Na entrevista coletiva, Mujahid pediu "ajuda internacional" para proporcionar aos agricultores cultivos alternativos à papoula, a fonte da seiva que é usada para a produção de ópio e heroína.

Segundo um relatório de 2018 do Inspetor Geral Especial dos Estados Unidos para o Afeganistão (SIGAR), o governo dos Estados Unidos gastou quase US$ 8,6 bilhões, entre 2002 e 2017, no esforço para combater o tráfico de drogas.

Os esforços incluíram ajudas financeiras aos agricultores para que cultivassem trigo e açafrão, entre outros.

As iniciativas eram, porém, constantemente frustradas pelos talibãs, que controlavam as principais regiões de cultivo e arrecadavam centenas de milhões de dólares, de acordo com estimativas dos governos americano e afegão.

Os agricultores das zonas controladas pelos talibãs eram pressionados a plantar papoulas, segundo as investigações.

Como resultado, o país tem um quase monopólio sobre o ópio e a heroína, pois representa entre 80% e 90% da produção mundial, segundo o Escritório das Nações Unidas sobre Drogas e Crimes (UNODC, na sigla em inglês).

A quantidade de terras plantadas com papoulas atingiu um recorde em 2017, com a média de quase 250.000 hectares nos últimos quatro anos, completa a ONU.

 

A política de entorpecentes do novo regime terá um impacto nos preços mundiais da heroína, com repercussões nos países ocidentais, assim como para Rússia, Irã, Paquistão e China, todas importantes rotas de contrabando, mas também grandes mercados para as drogas afegãs.

Nos últimos anos, os traficantes também descobriram que uma planta encontrada com facilidade no Afeganistão, chamada ephedra, pode ser usada para criar um componente-chave da metanfetamina.

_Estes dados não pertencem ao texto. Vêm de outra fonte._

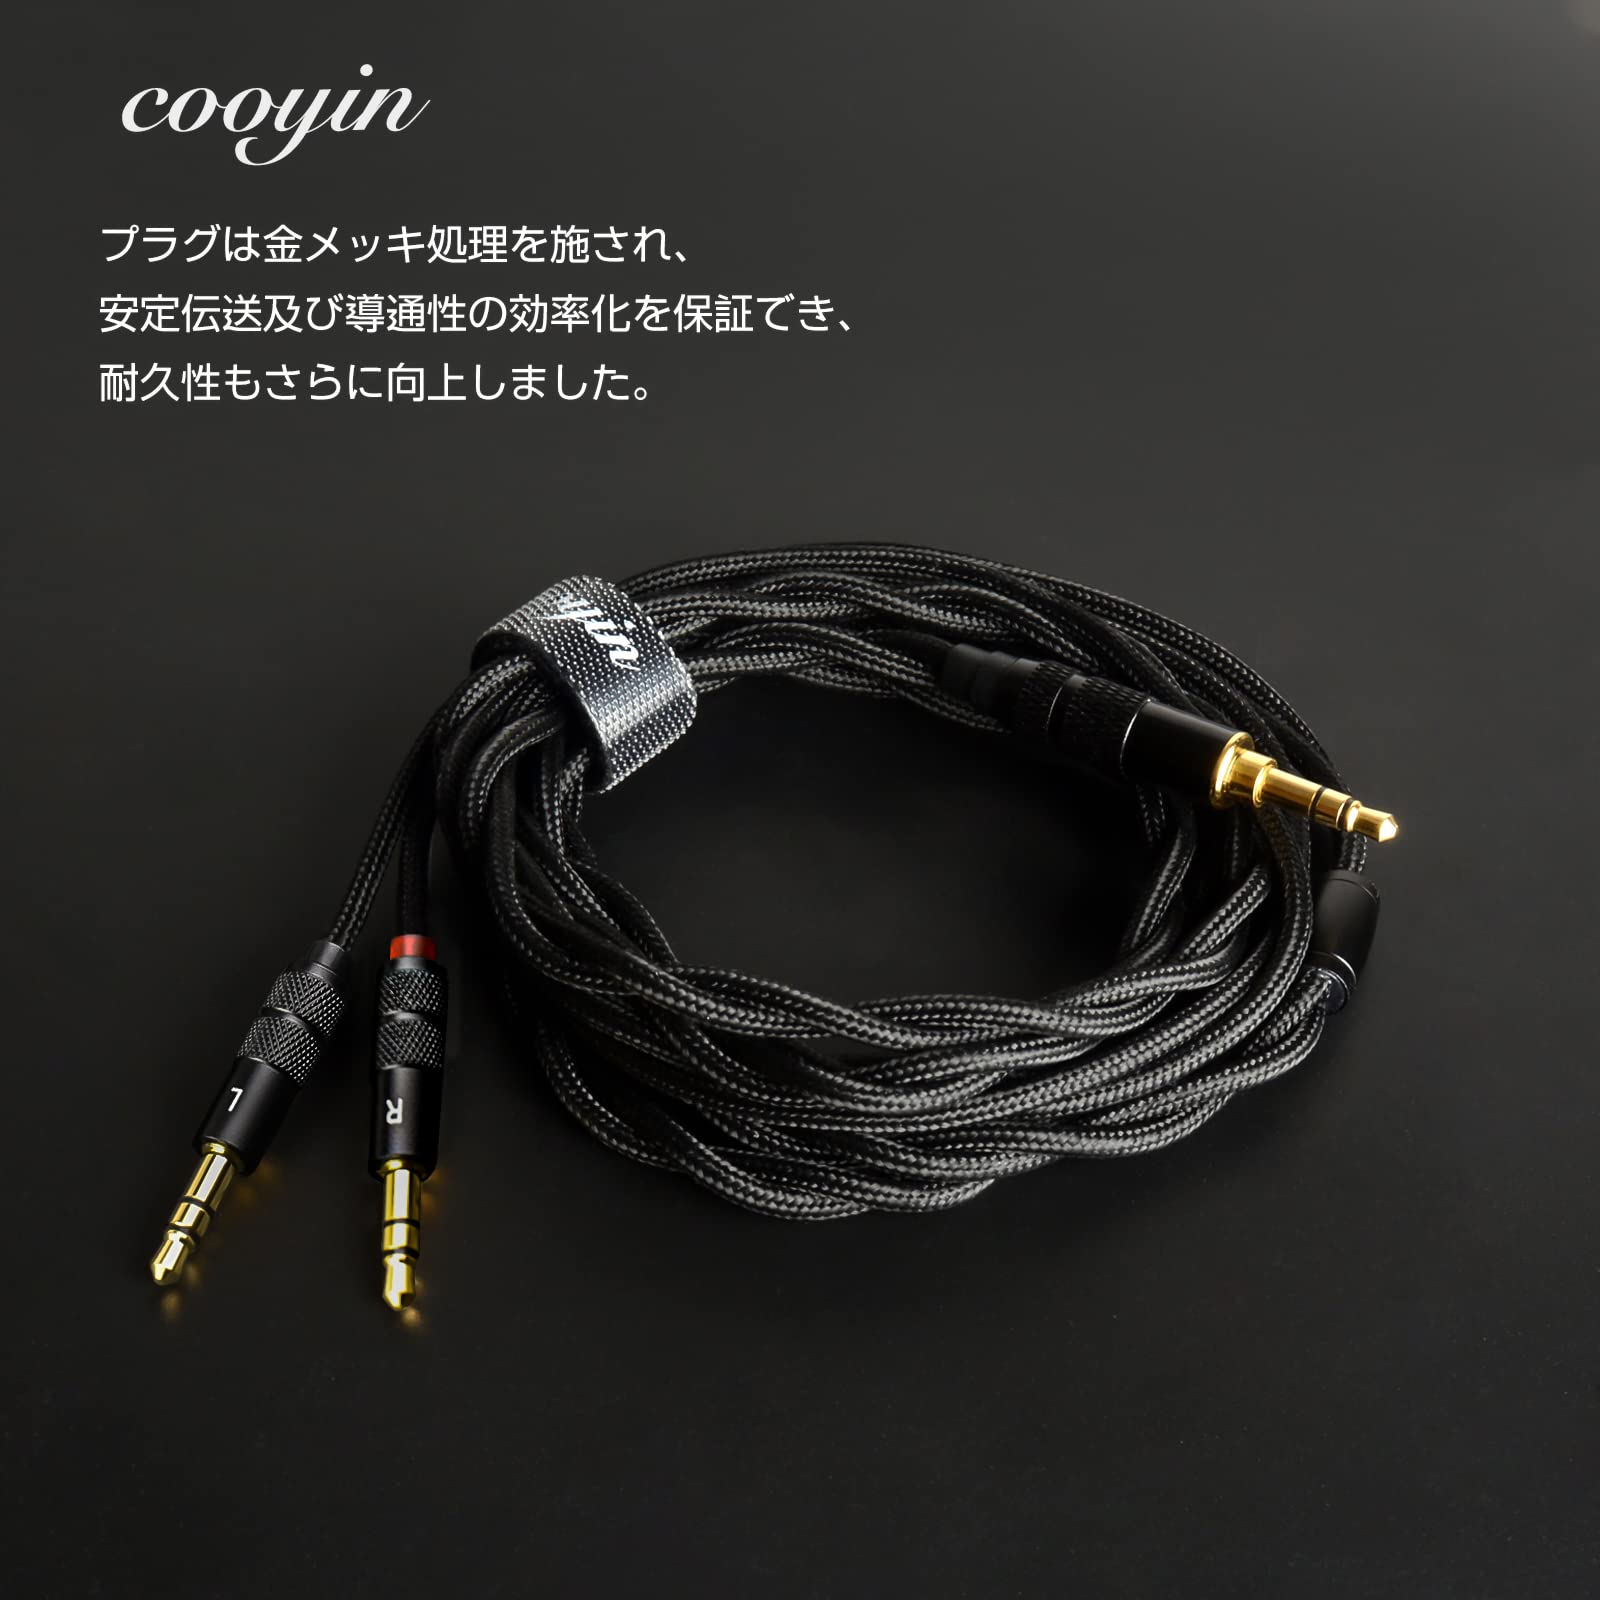 Cooyin リケーブル IE100pro/400pro/500pro専用
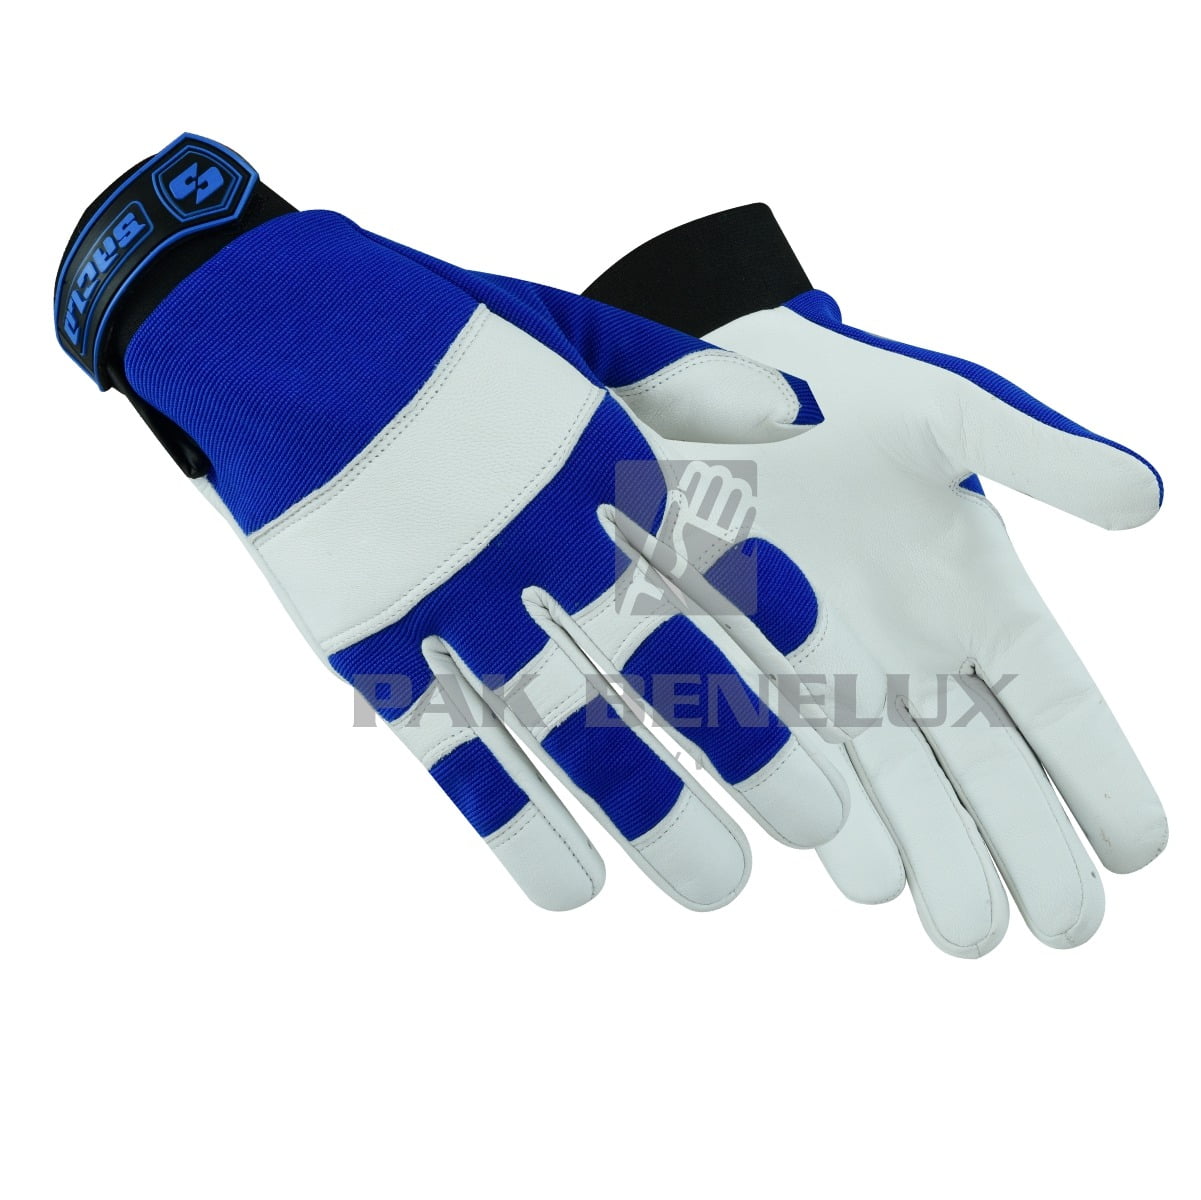 Mechanic Gloves Durable

Esta não é a primeira vez que o grupo fundamentalista promete proibir o comércio de drogas. A produção foi proibida em 2000, pouco antes de o regime talibã ser derrubado pelas forças lideradas pelos Estados Unidos.

Gretchen Peters, autora do livro "Seeds of Terror: How Heroin Is Bankrolling the Taliban and Al-Qaeda" ("Sementes do terror: como a heroína está financiando o talibã e a Al-Qaeda", em tradução livre), afirma que a proibição anterior da papoula por parte dos talibãs era tática.

"Estavam sob grande pressão internacional. Não vão abrir mão do tráfico de drogas, porque estão muito ligados a ele", resume.

Além disso, a partir de agora, os talibãs terão acesso às companhias aéreas, à burocracia estatal e aos bancos, que poderão ser usados para facilitar o contrabando de drogas e a lavagem de dinheiro, acrescenta.